“王爷,我糊涂了”,一场会面似乎要不欢而散了,牧老爷最后还是说了一句话,
牧老爷已经打算离开,他转身准备跨过亭子的栏杆,身后却传来声音。
顾熙铭却说,“贵府的小姐倒是不辜负牧老爷的拳拳父爱,已经来为牧老爷求情了,本王倒没什么,婚约虽失,牧老爷多年的照顾却不是假的,如若不能成两姓之好,本王还是要尊称一声牧伯伯的”。
听见这句话,牧老爷感觉身体都泛出了一丝的活意。
顾熙铭转过身来,他这一刻似乎又丢掉了王爷的身份,表情柔和起来,“牧伯伯有大智慧,父皇最忌官商之交,望牧伯伯明哲保身,我言尽如此”。
林叔已经做出了送客的姿势,牧老爷望着这个期待了很久的女婿,心里又迷惘了起来,女儿这次怕是错了,不,随后他又否定了自己,事情已成定局,女儿现在和熙王府定然不可能再有什么关系。
既然事情已经发生,还不如好好的经营,为女儿可能嫁入的东宫,筹谋起来。
“王爷,就这般放过牧家”,林叔送走了牧老爷,整个人却没有了待人的慈眉善目。面软心硬说的便是他了,“这老匹夫忽悠殿下的外祖,在殿下年幼之时定下盟约,借皇家之势,如今攀上高枝却……”。
“你是想说将我弃之如蔽履”,顾熙铭接上话。
“殿下,怎可轻易放过他,这将殿下置于何地”,林叔语中带着那么一丝的阴狠,“如果不是有这门婚约存在,殿下至于到现在都还没成婚吗?”

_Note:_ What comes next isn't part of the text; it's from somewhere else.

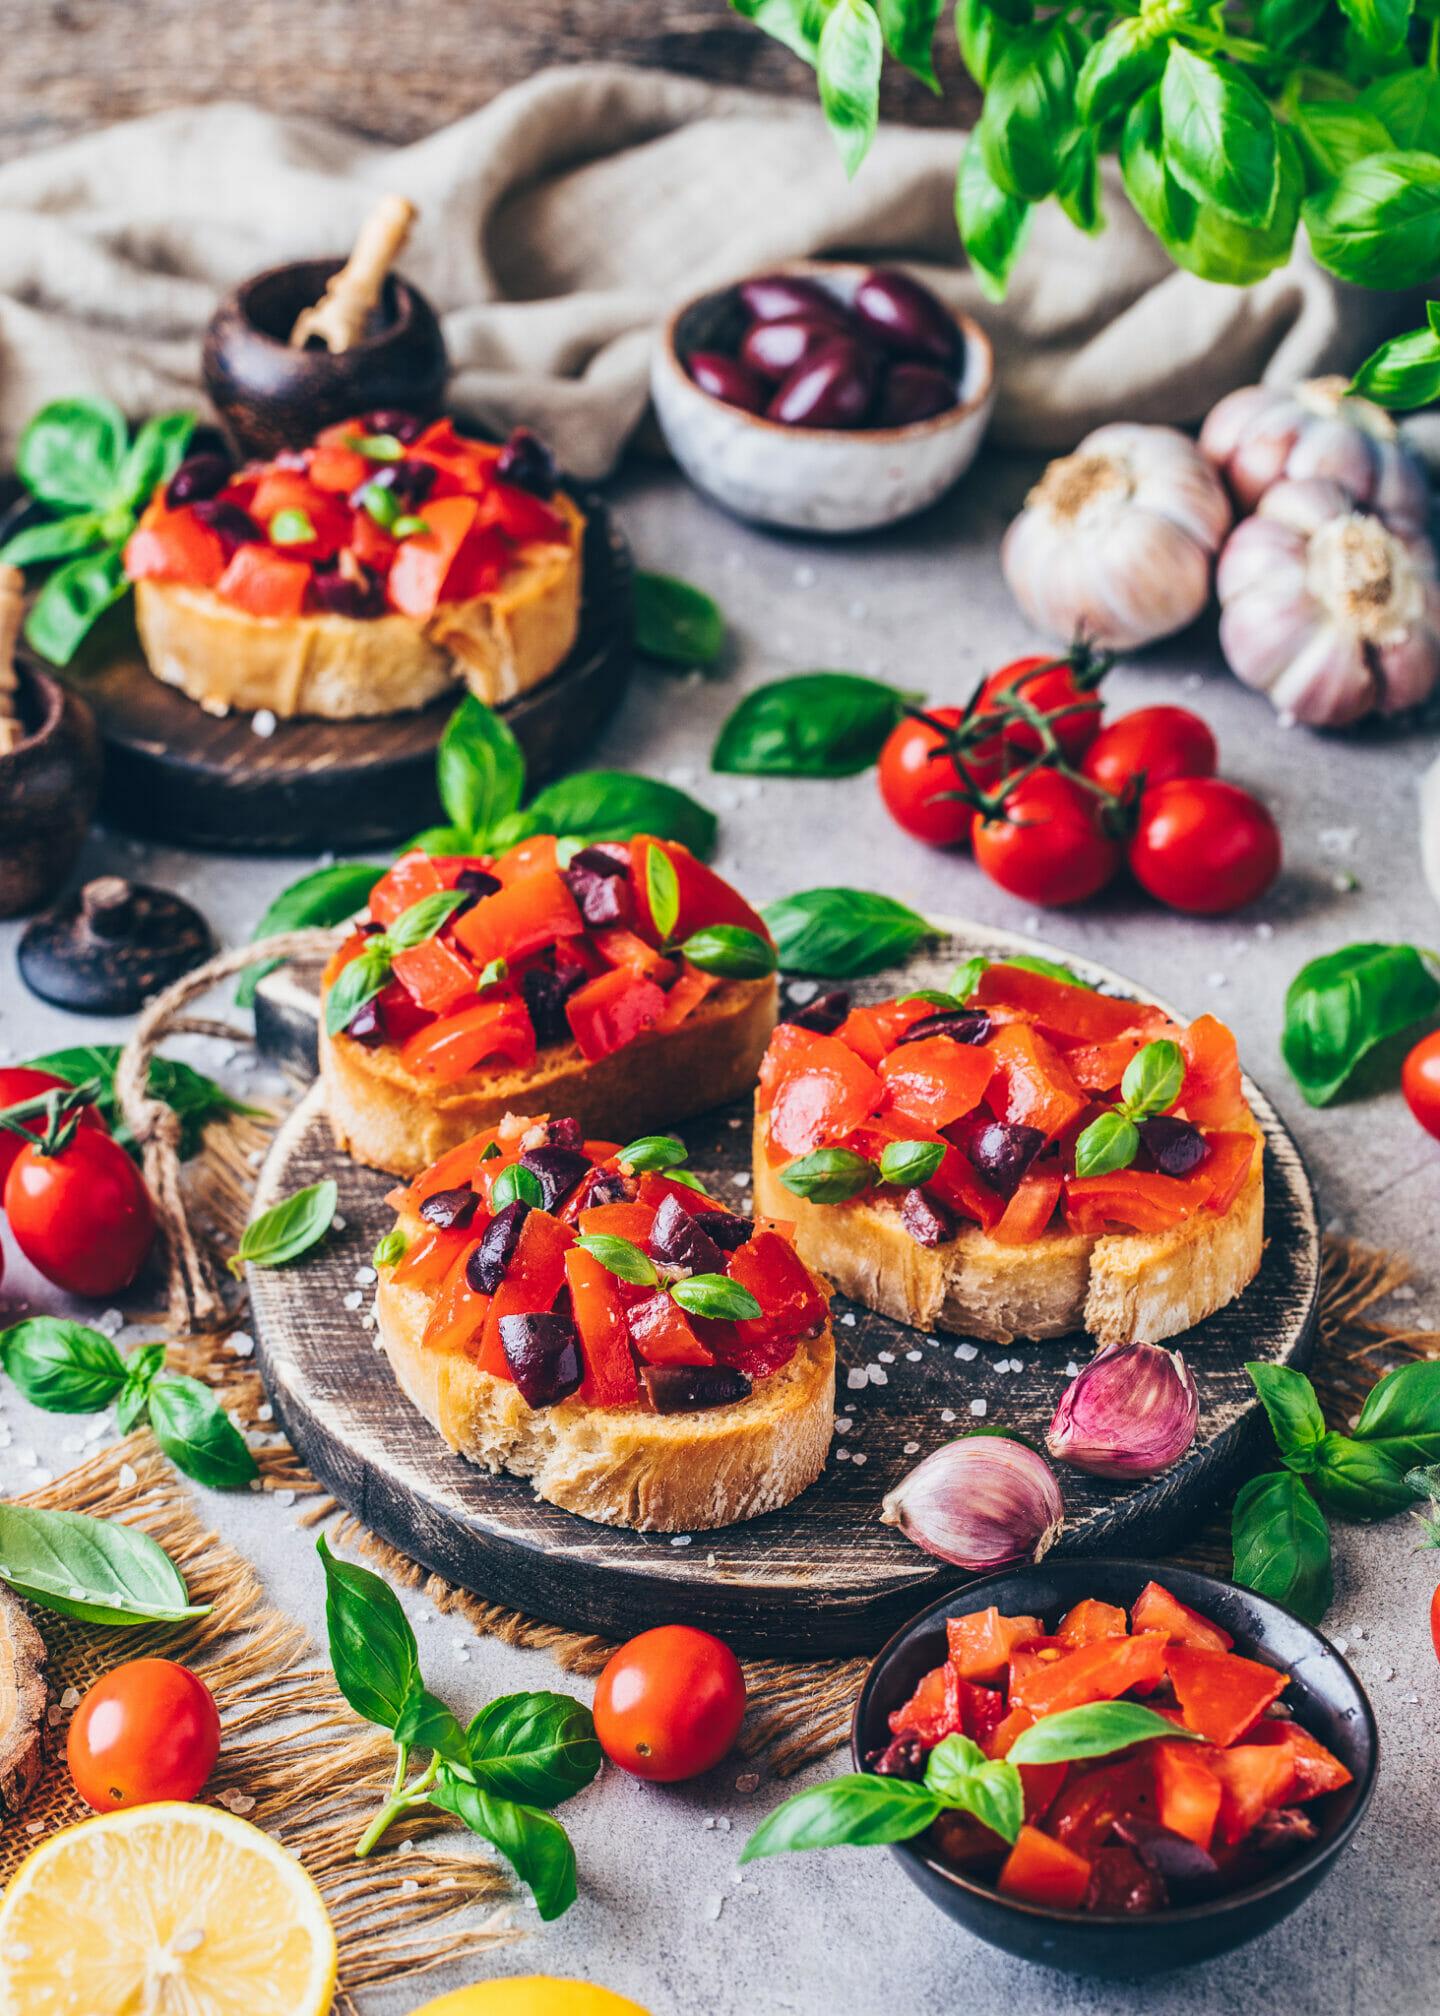 Tomaten-Knoblauch-Bruschetta mit Basilikum

“这门婚约,你都忘了带来的好处了”,但是顾熙铭不置可否,“如果不是有牧家商铺的掩饰,我们那里能不引人瞩目,运回这么多东西,甚至……”,顾熙铭望着远方,似乎也在追溯过去,“牧家,可是养活了一大帮兄弟了”。
顾熙铭嘴角带着一丝自嘲的笑容,“还不如说是本王将牧家用完就丢了”。
他刚才的一切其实都是做戏,那里会责怪牧家,甚至连牧清灵,他虽然冷淡,但心底也怜惜她从小体弱多病,不能出门见人,他心底也没有什么生气的意思,只是要做给人看罢了。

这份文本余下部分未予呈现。